- DATA SEGMENT -

------------------------------------------------

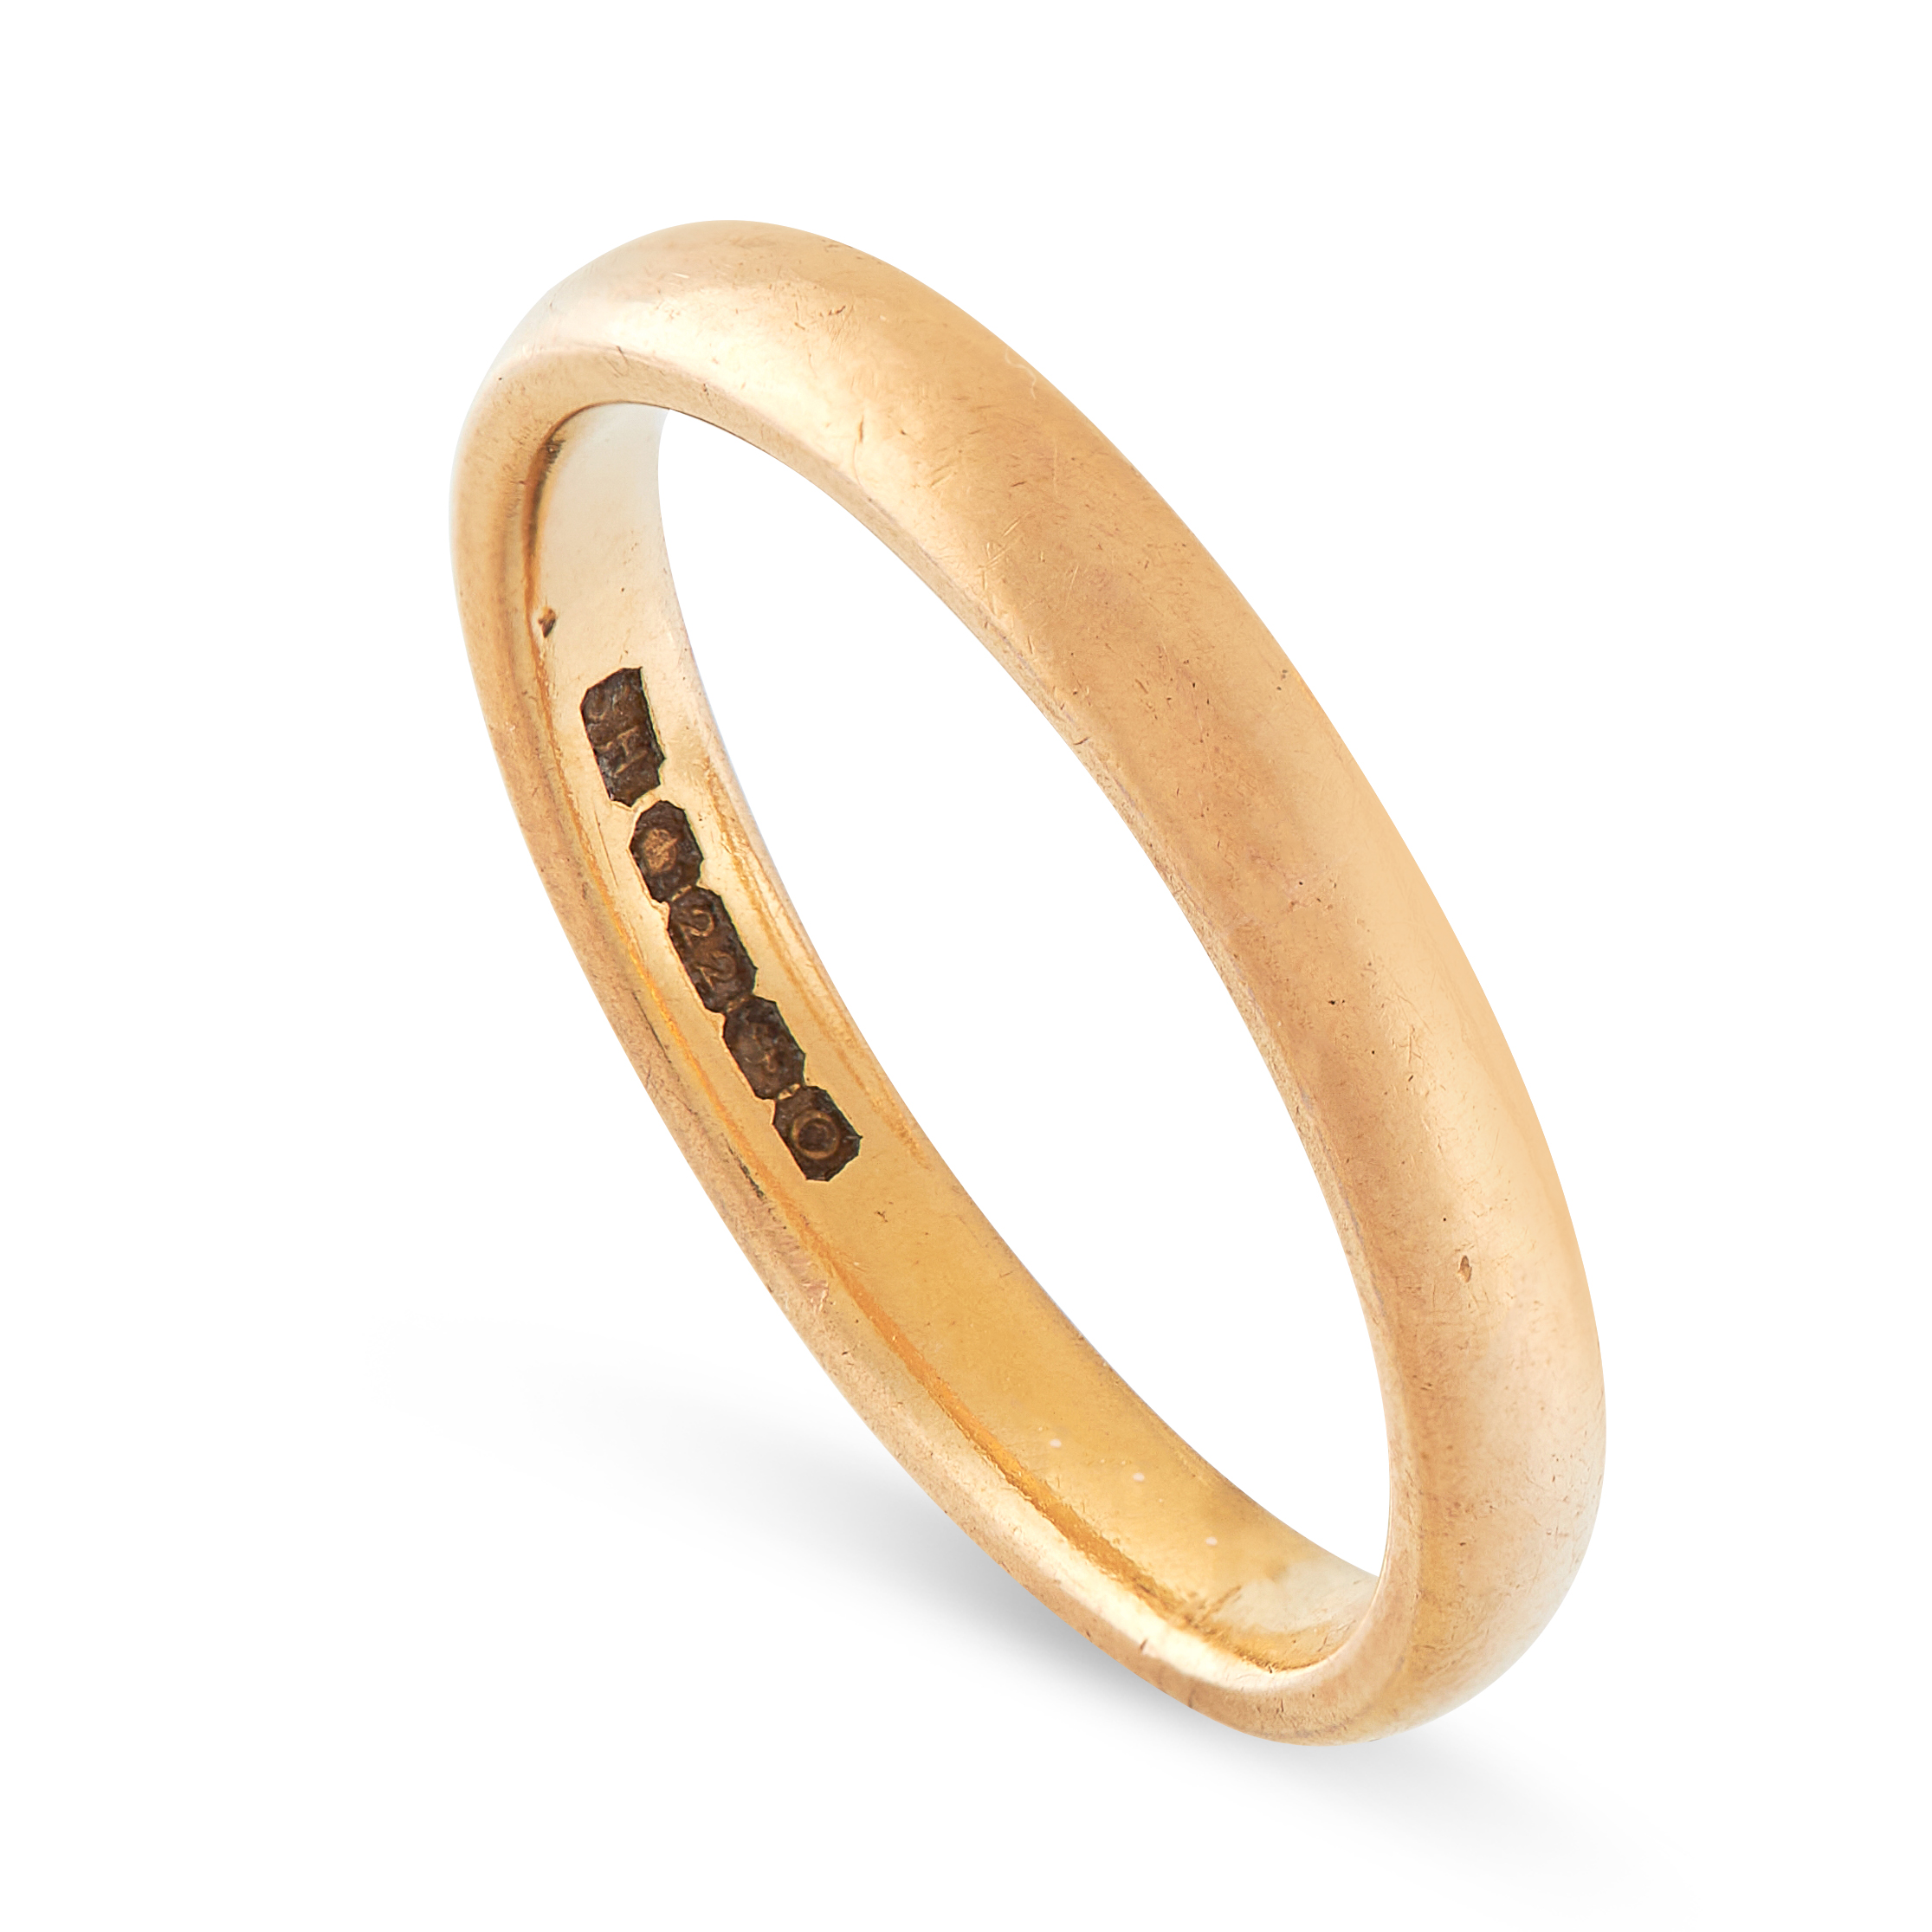 THREE WEDDING BAND RINGS in 22ct yellow gold, British hallmarks, sizes M / 6, R / 8.5, O / 7, - Image 4 of 6
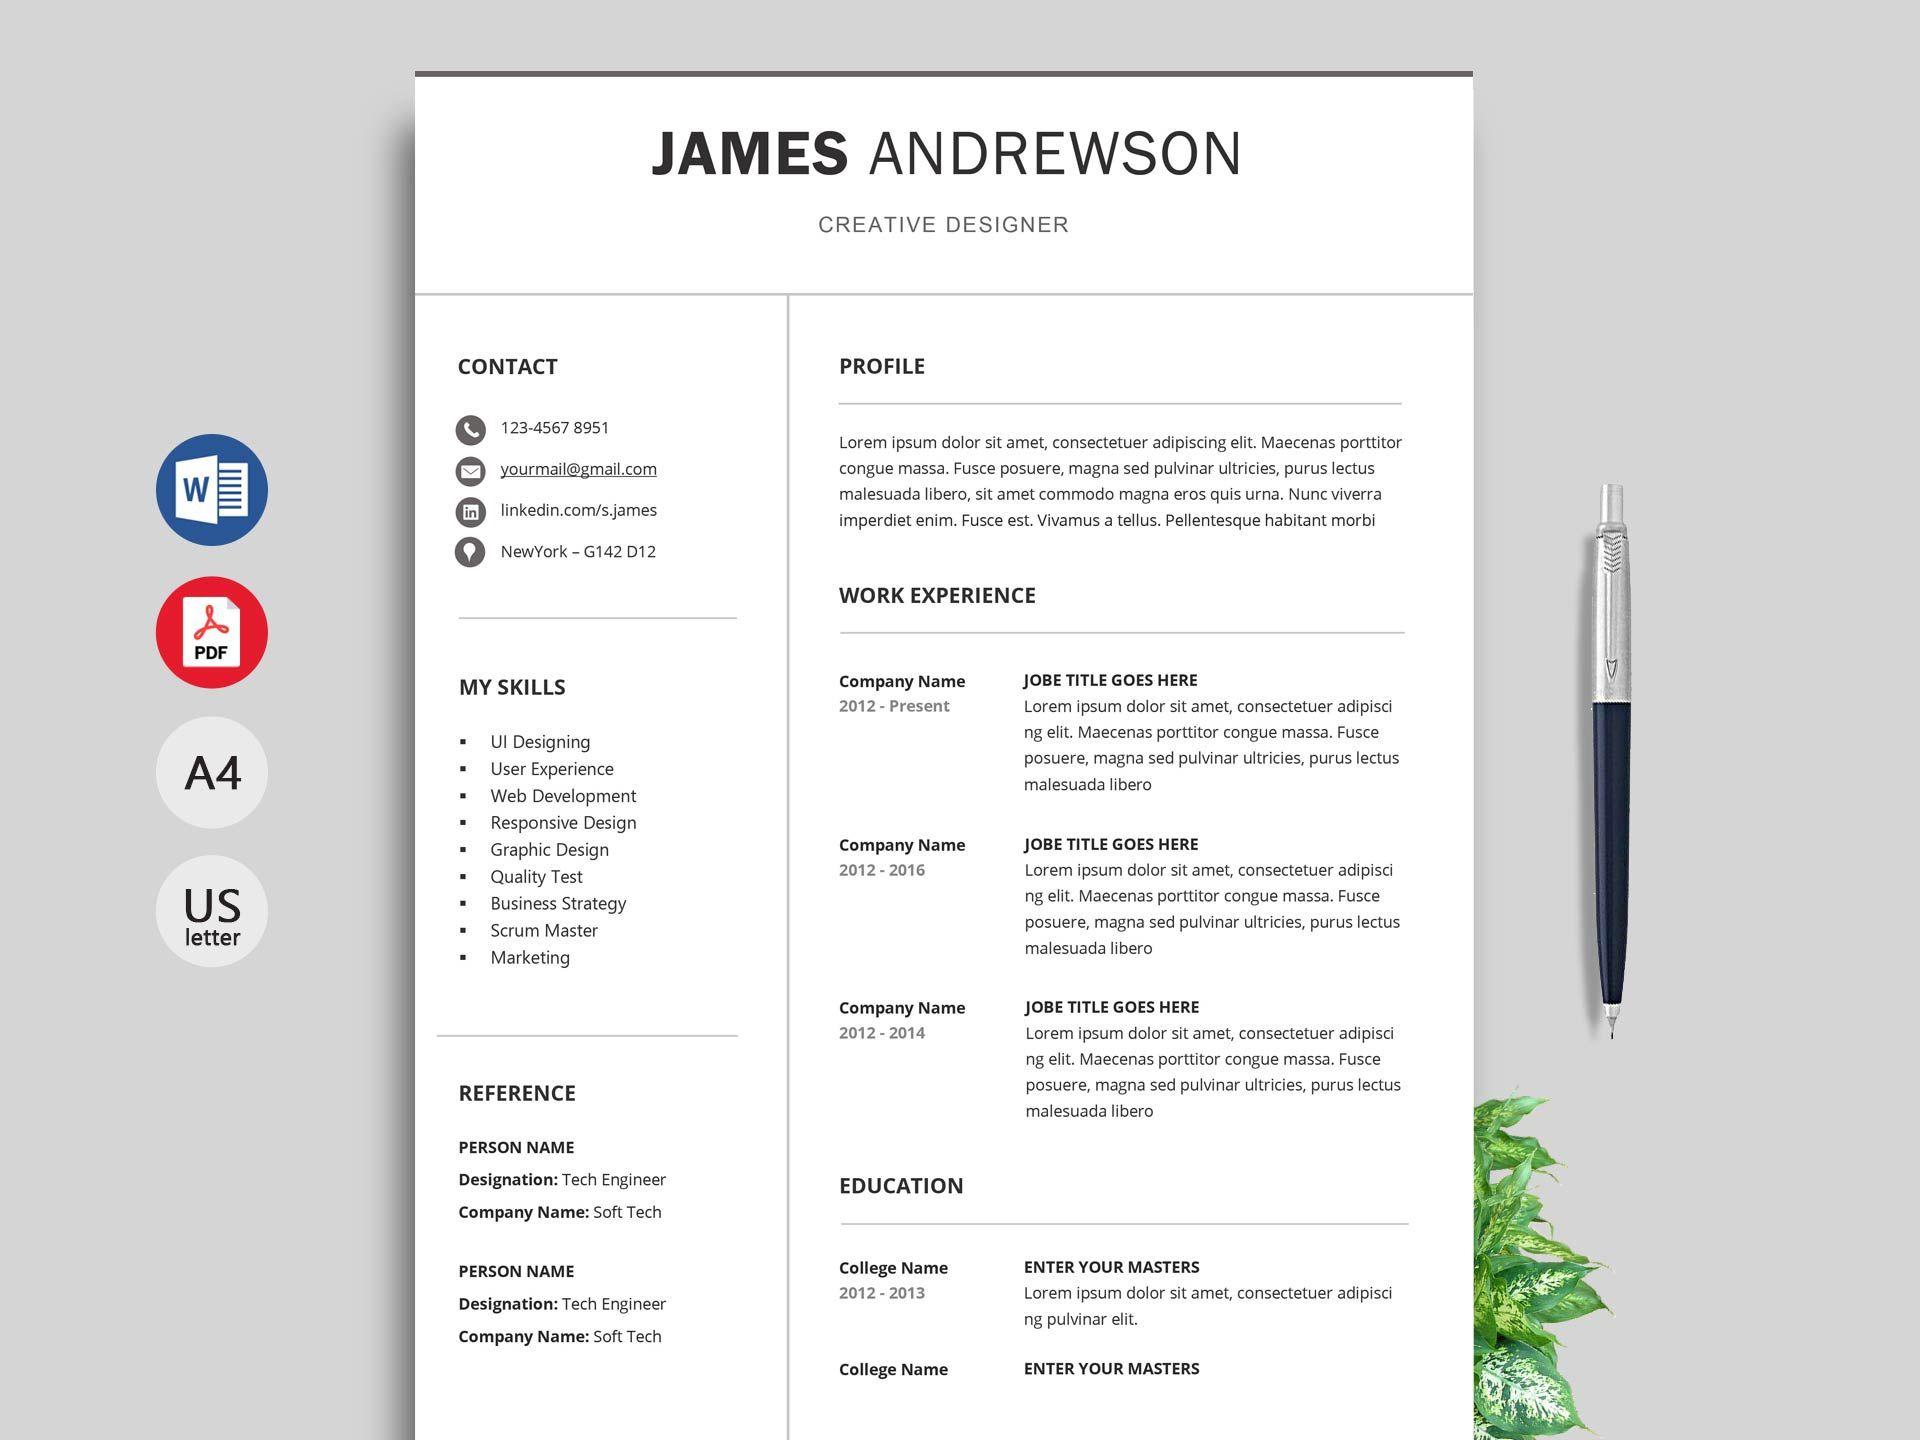 003 Phenomenal Free Professional Resume Template Microsoft Word Inspiration  Cv 2010Full
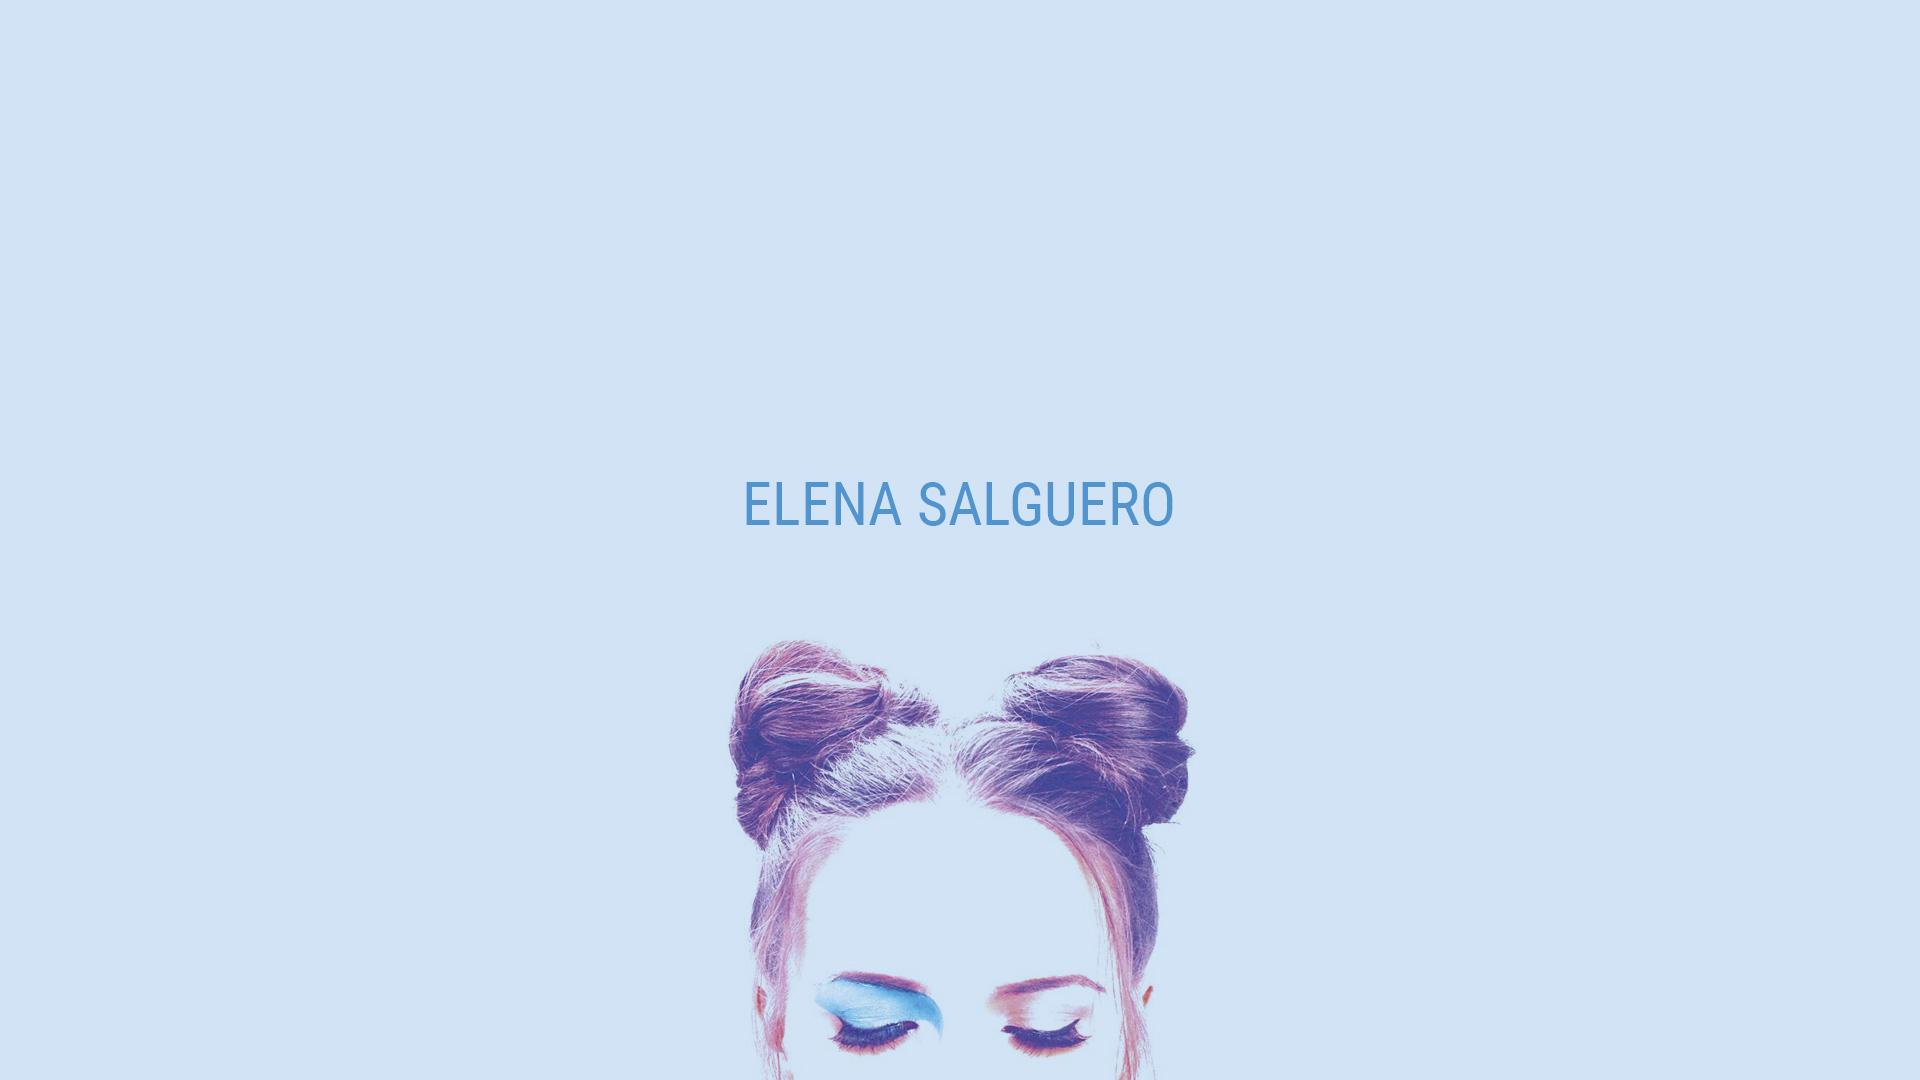 Elena Salguero, web hecha por murciègalo

------------------------------------------------

- EXERCISE BRIEF -
Only the text of the listing should be returned, exactly and in full; no image goes into the copy.

- TASK RESULT -
 THREE WEDDING BAND RINGS in 22ct yellow gold, British hallmarks, sizes M / 6, R / 8.5, O / 7, - Image 4 of 6
 003 Phenomenal Free Professional Resume Template Microsoft Word Inspiration  Cv 2010Full
 Elena Salguero, web hecha por murciègalo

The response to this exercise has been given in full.